Single by Noemi featuring Fiorella Mannoia

from the album Sulla mia pelle
- Released: 10 April 2009
- Recorded: 2009
- Studio: Platinum
- Genre: Soul; R&B;
- Length: 3:21
- Label: Sony Music
- Songwriters: Diego Calvetti; Marco Ciappelli;
- Producer: Diego Calvetti

Noemi singles chronology
| "Briciole" (2009) | "L'amore si odia" (2009) | "Per tutta la vita" (2010) |

Fiorella Mannoia singles chronology
| "Il re di chi ama troppo" (2009) | "L'amore si odia" (2009) | "Ho imparato a sognare" (2009) |

= L'amore si odia =

2009 single by Noemi and Fiorella Mannoia

"L'amore si odia" (Italian for "Love is to be hated") is a duet recorded by Italian singers Noemi and Fiorella Mannoia.
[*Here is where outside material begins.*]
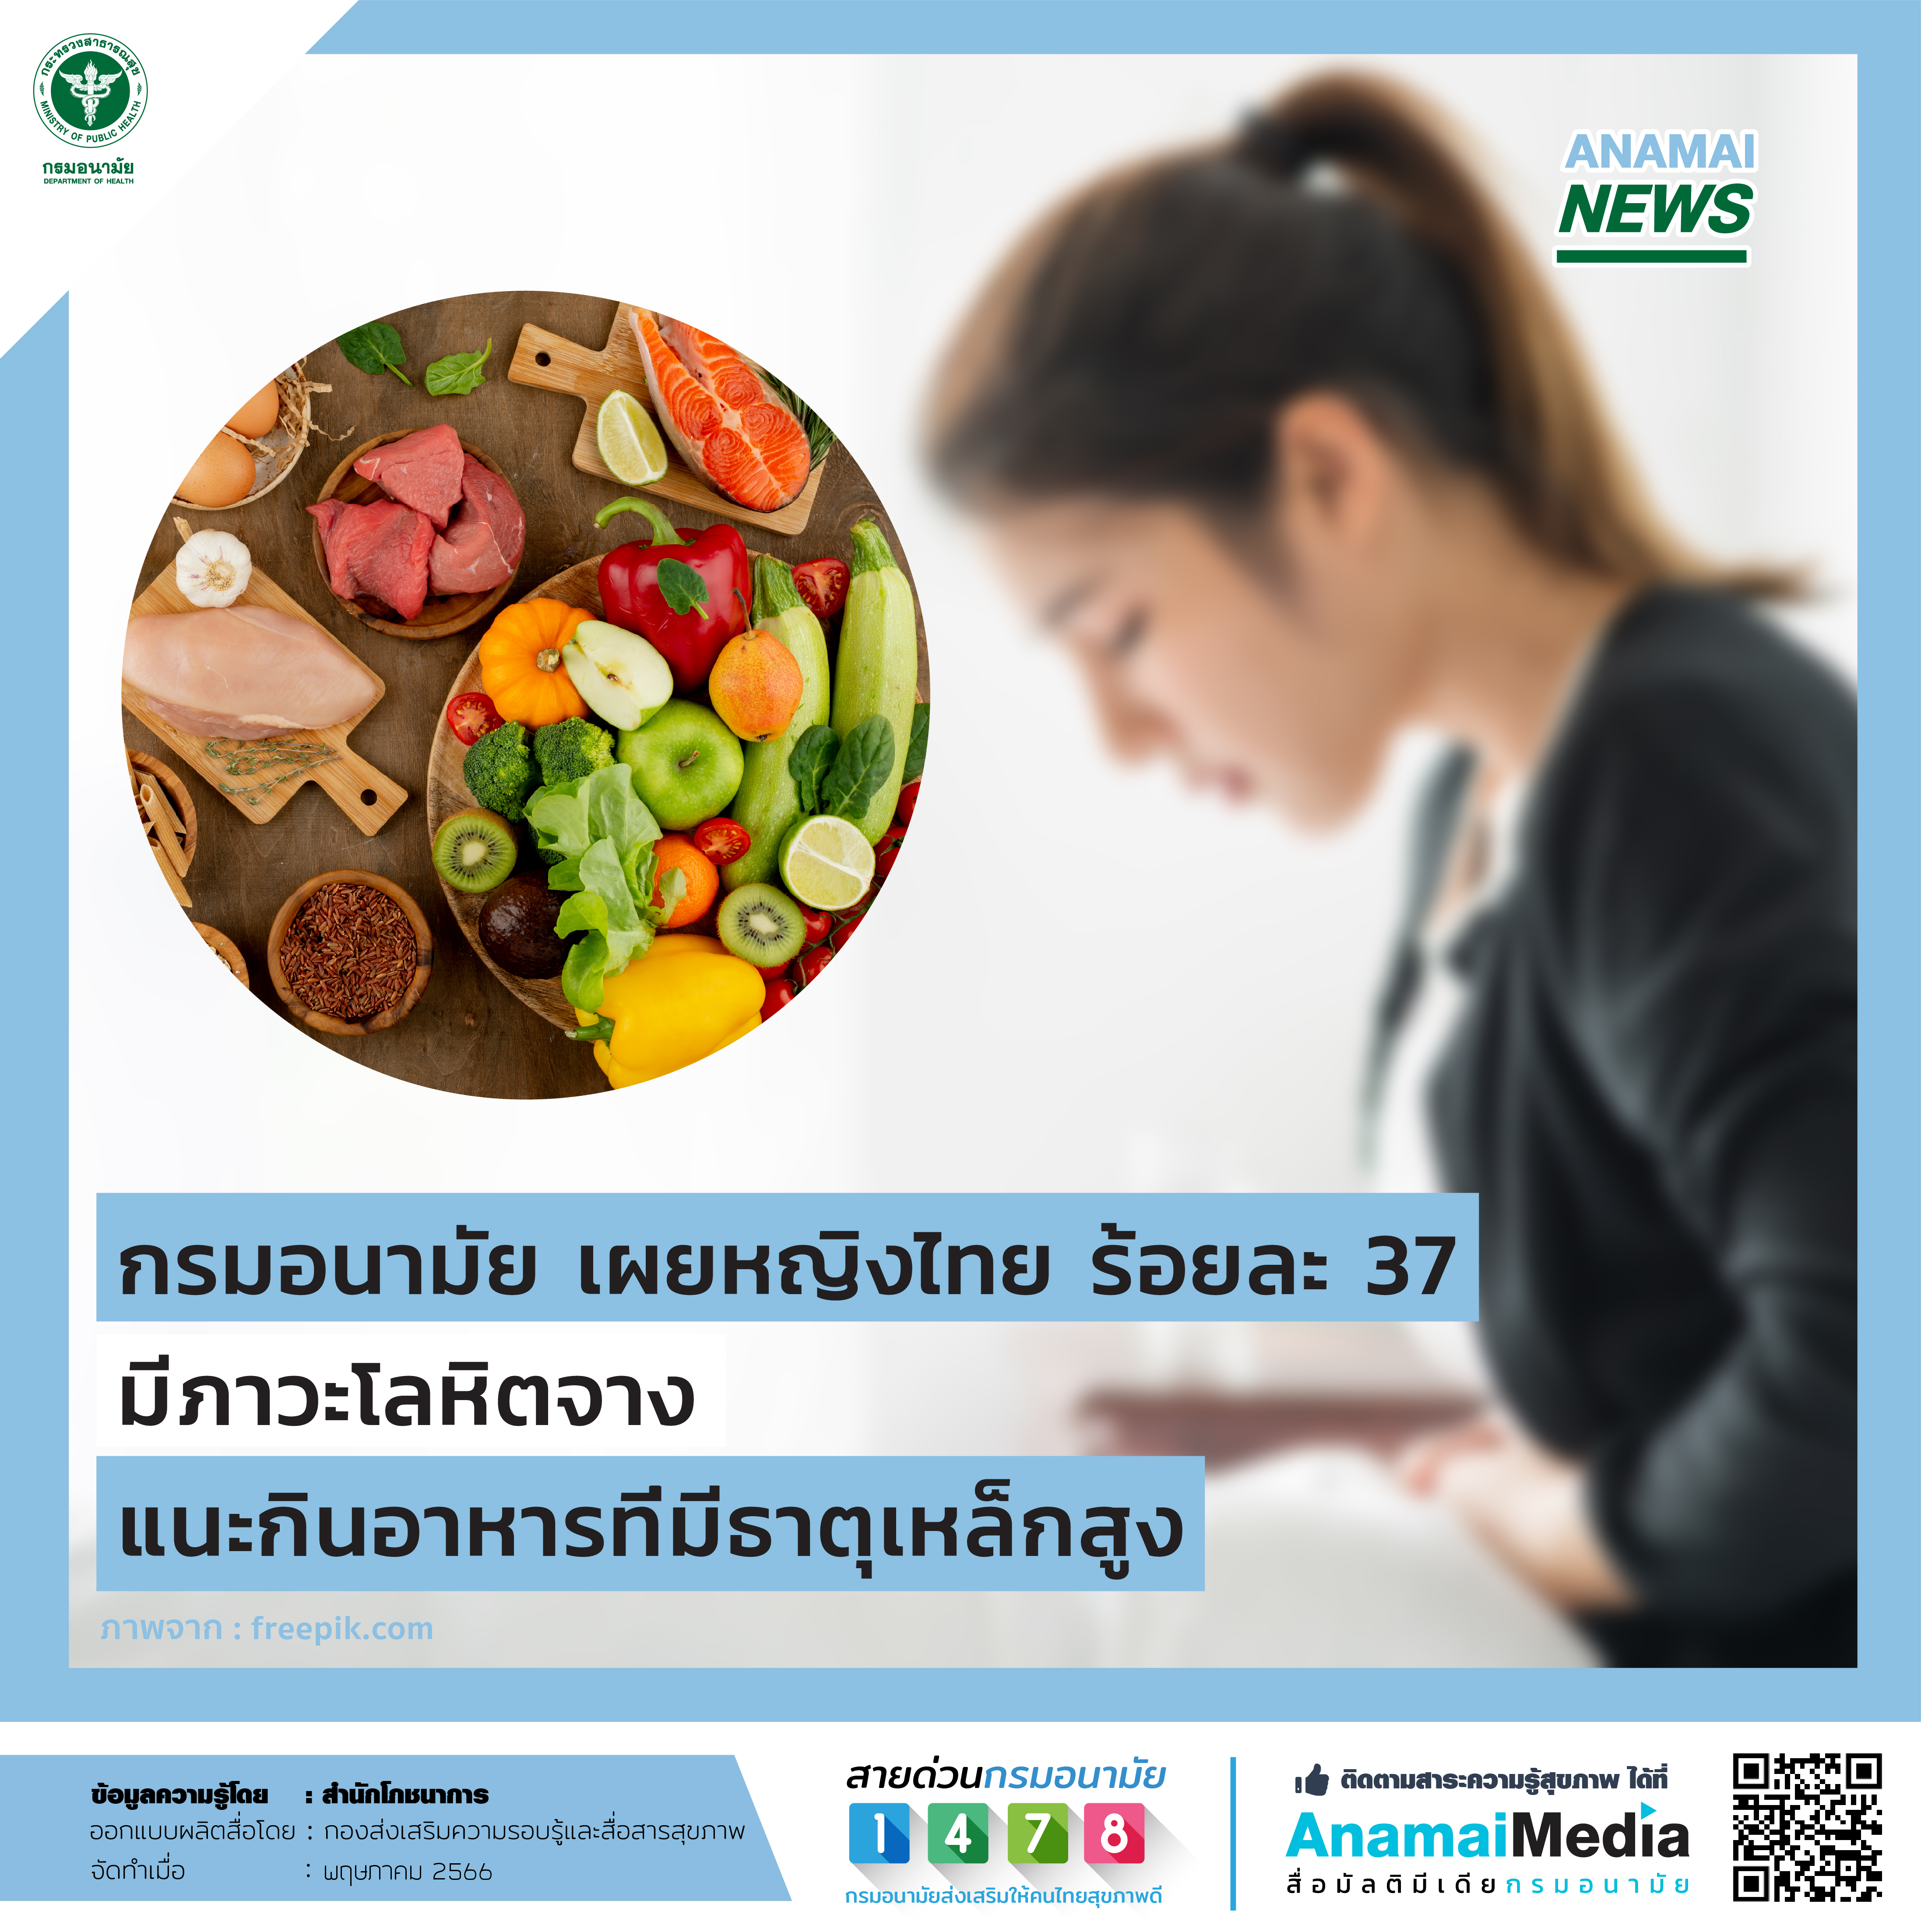 กรมอนามัย เผยหญิงไทย ร้อยละ 37 มีภาวะโลหิตจาง แนะกินอาหารที่มีธาตุเหล็กสูง

It was released on 10 September 2009 as the lead single from Noemi's debut studio album Sulla mia pelle and it was later included in Mannoia's compilation Ho imparato a sognare.

==The song==
"L'amore si odia" was written by Diego Calvetti and Marco Ciappelli and produced by Diego Calvetti. On 24 May 2010, Noemi and Mannoia got one Wind Music Award for sales of this song, which also obtained a double platinum disc.

==Track listing==
- Digital download

| No. | Title | Lyrics | Music | Length |
|---|---|---|---|---|
| 1. | "L'amore si odia" | Diego Calvetti, Marco Ciappelli | Diego Calvetti | 3:21 |

==Music video==
The music video for "L'amore si odia" was produced by Gaetano Morbioli.

==Charts==

| Chart (2009) | Peak position |
|---|---|
| Italian FIMI Singles Chart | 1 |

=== Year-end charts ===

| Chart (2009) | Position |
|---|---|
| Italian Singles Chart | 6 |

| Chart (2010) | Position |
|---|---|
| Italian Singles Chart | 72 |

==Cover versions==
In 2009, Marco Mengoni, the winner of the 3rd season of the Italian version of X Factor performed the song during the second live show. The song was later included in his debut EP, Dove si vola.